Time goes by and we both decide to stop traveling. I am an admin and I do project billing. I have to respond to men, women, anyone. It's a job. I am asked to do and revise these bills, now all of a sudden these men are "my men" because I have to respond to them and "do what they ask." This is most of what are arguments are. Which is now almost daily. My husband has a job as well and has to do things for other people as well. Again, it's a job, I know, but he doesn't see it that way.

Most recently it was about me buying a coworker food a year and a half ago that he apparently just saw and now "I'm a hoe." And all these other very hurtful disrespectful comments. And he says I've cheated and he's going to treat me the way I treat him. I'm guessing he's going to cheat because he thinks I have? 

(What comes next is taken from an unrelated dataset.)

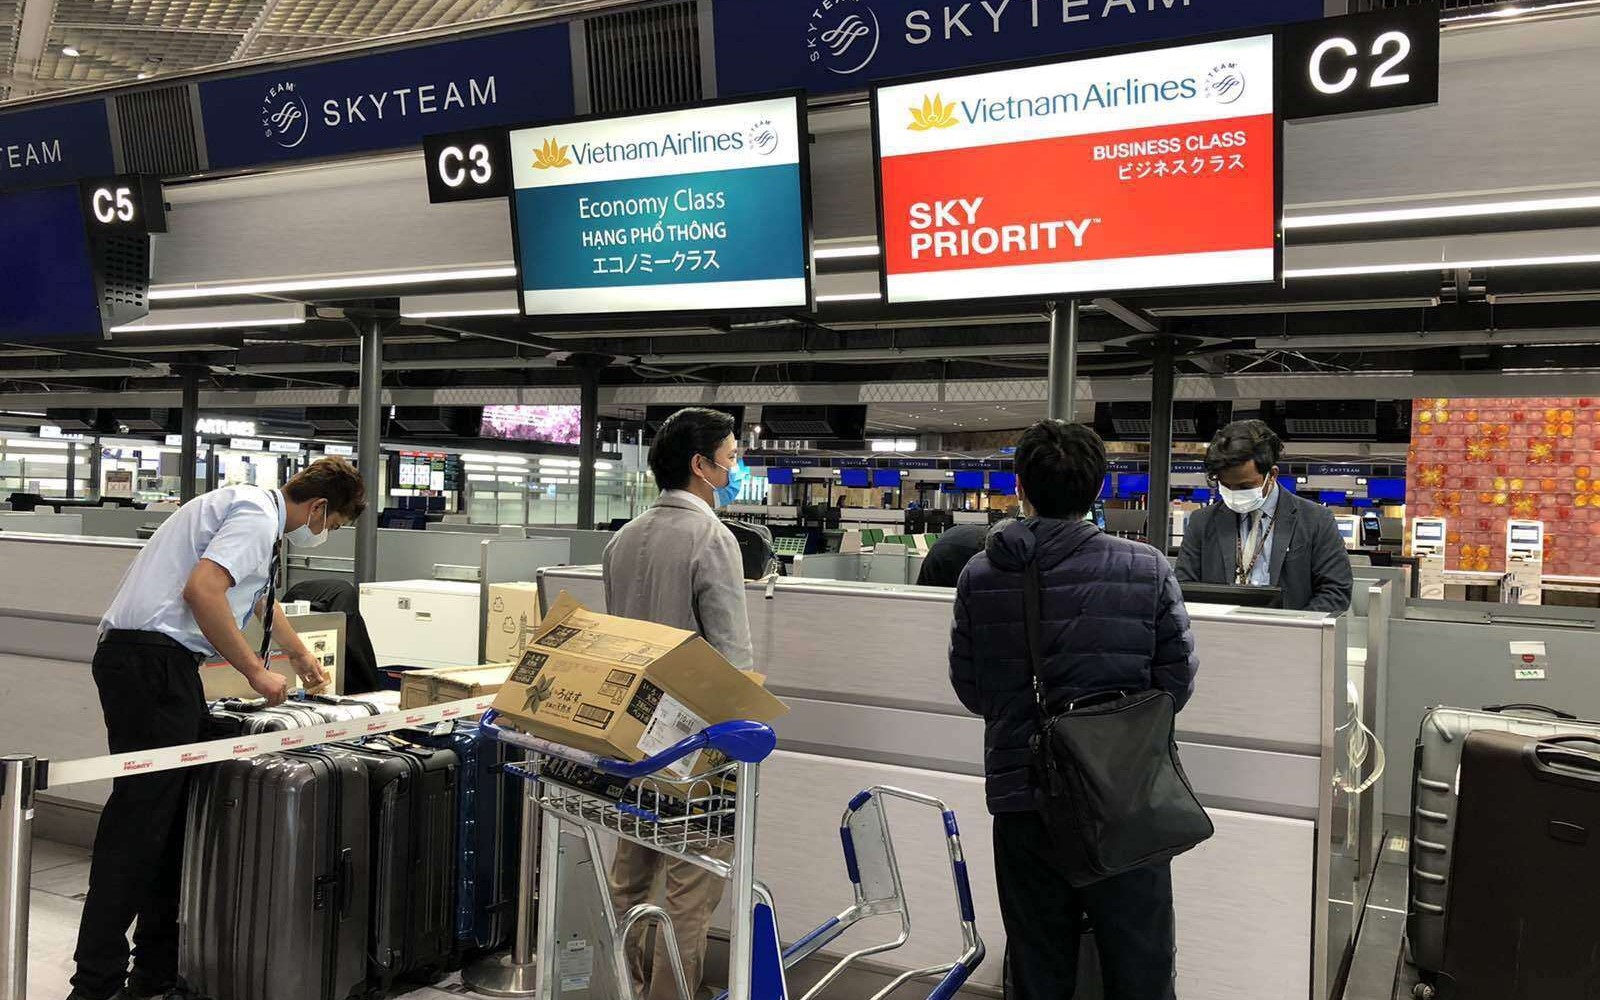 Hành khách làm thủ tục tại sân bay Narita, Tokyo, Nhật Bản (Ảnh: VietnamAirlines)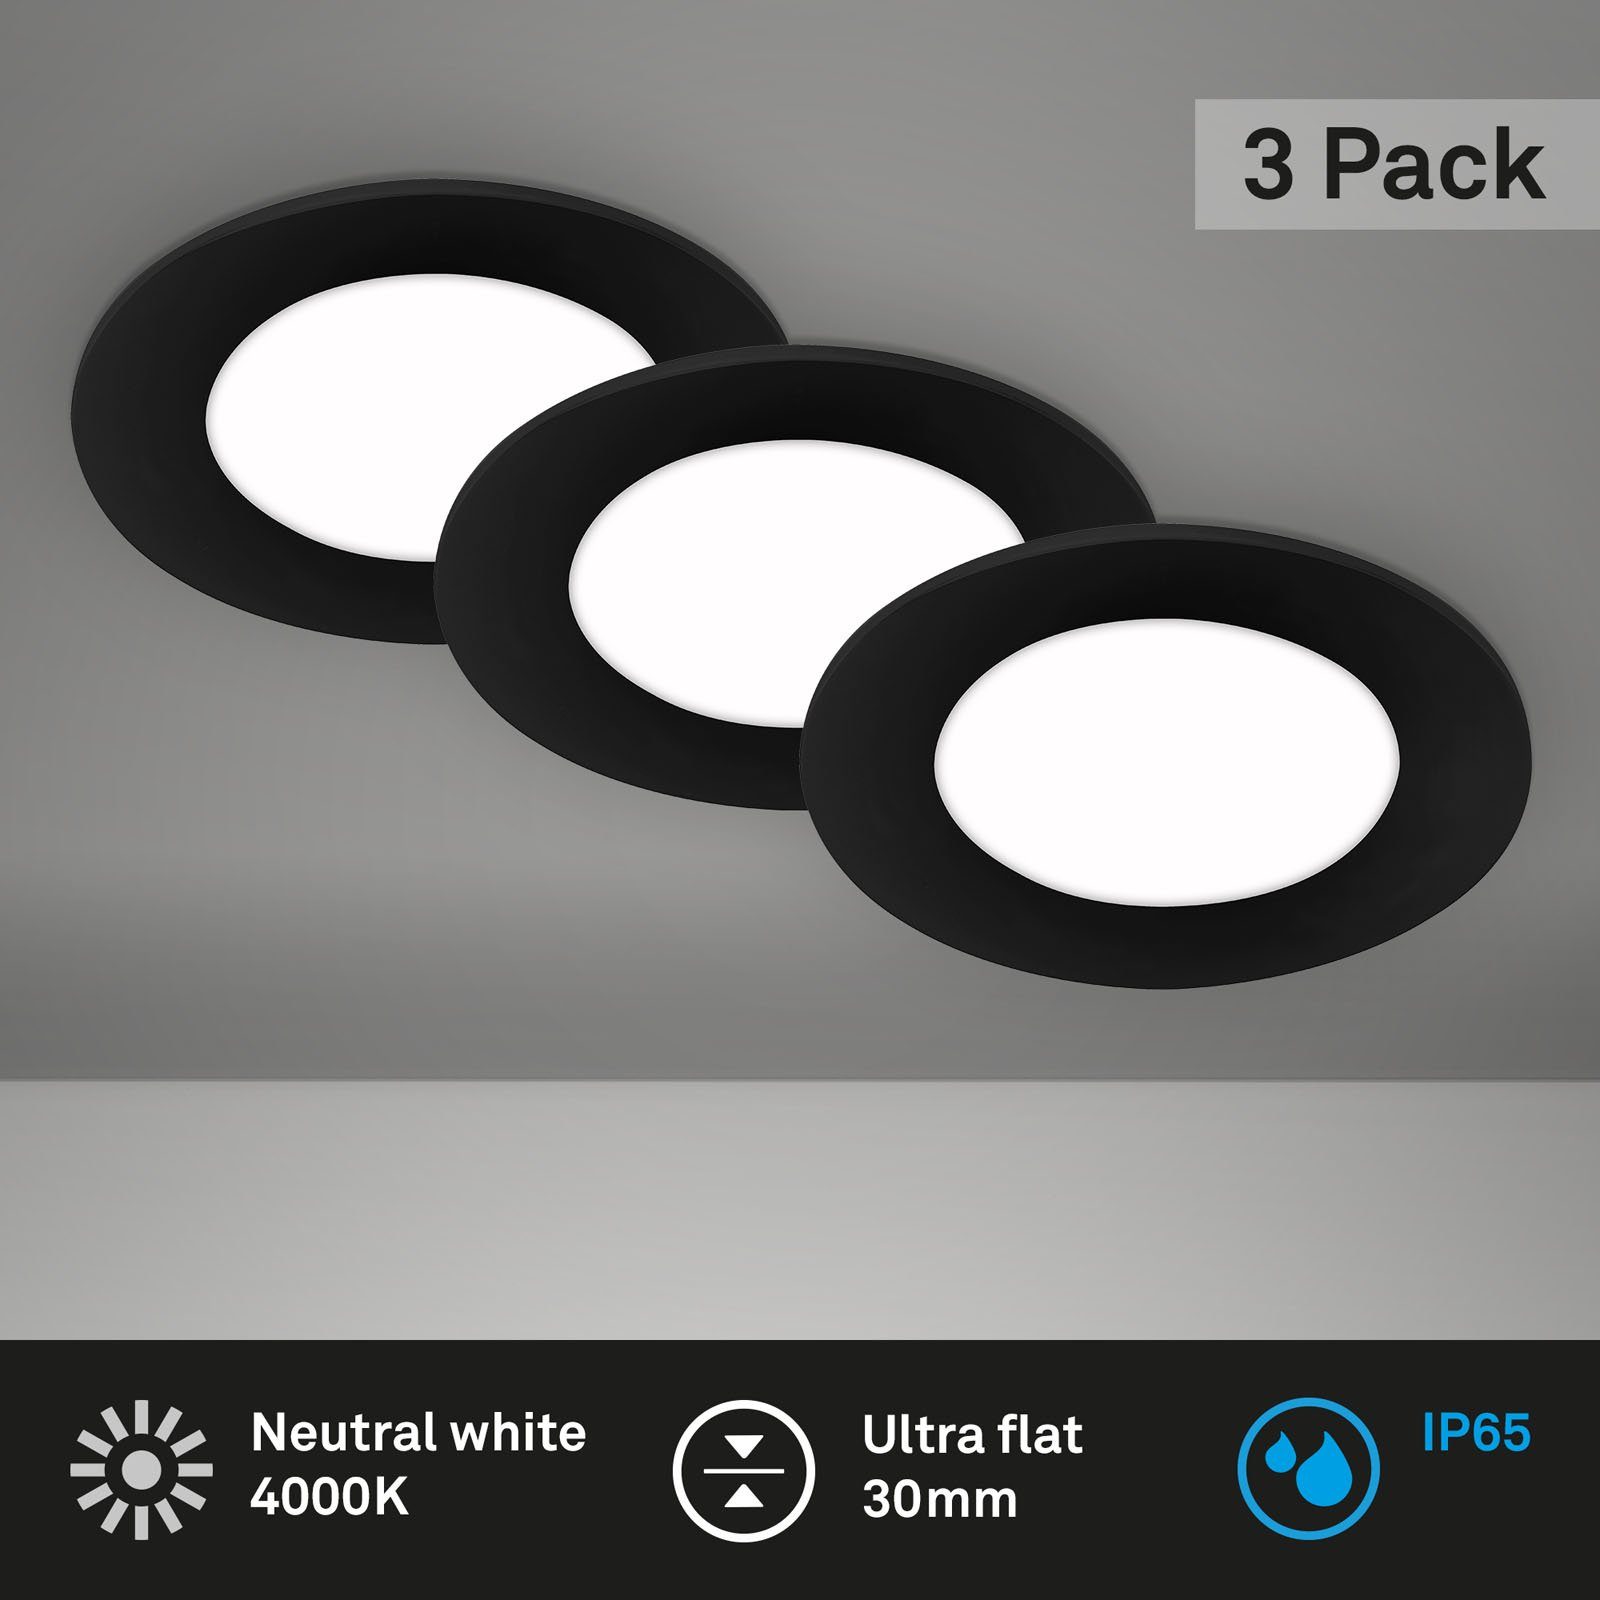 Leuchten Einbauleuchte Neutralweiß schwarz Briloner fest IP65, ultraflach, Neutralweiß, 7057-435, LED LED Set, 4000K, verbaut, 3er

Other arguments are that he says I don't care about him because I don't initiate sex. Excuses or not, this man works from 5 am to 4-5 pm, sometimes later. Then comes home and works another 3-4 hours almost 7 days a week. I am always tired, probably because I barely see the light of day. Oh he doesn't trust me to go to the store and if I do I'm going because I'm trying to find someone else. Maybe I don't initiate because of the way he treats me or maybe I just don't want to. He also asks me and gets mad that I don't because I don't give him blow jobs. I hate it and they don't call it a job for nothing! But it seems VERY important to him. Another argument is, he wanted me to bring him food at work but I said no because I was working and then he says work is my priority and I do "everything for my men", even though I've asked him to bring me coffee and he didn't. Because he was working.

It's exhausting. I'm embarrassed to even write this because of how ridiculous it is. Don't get me wrong. There are good times where he's super sweet and caring but lately its just argument after argument. The good times last a few days.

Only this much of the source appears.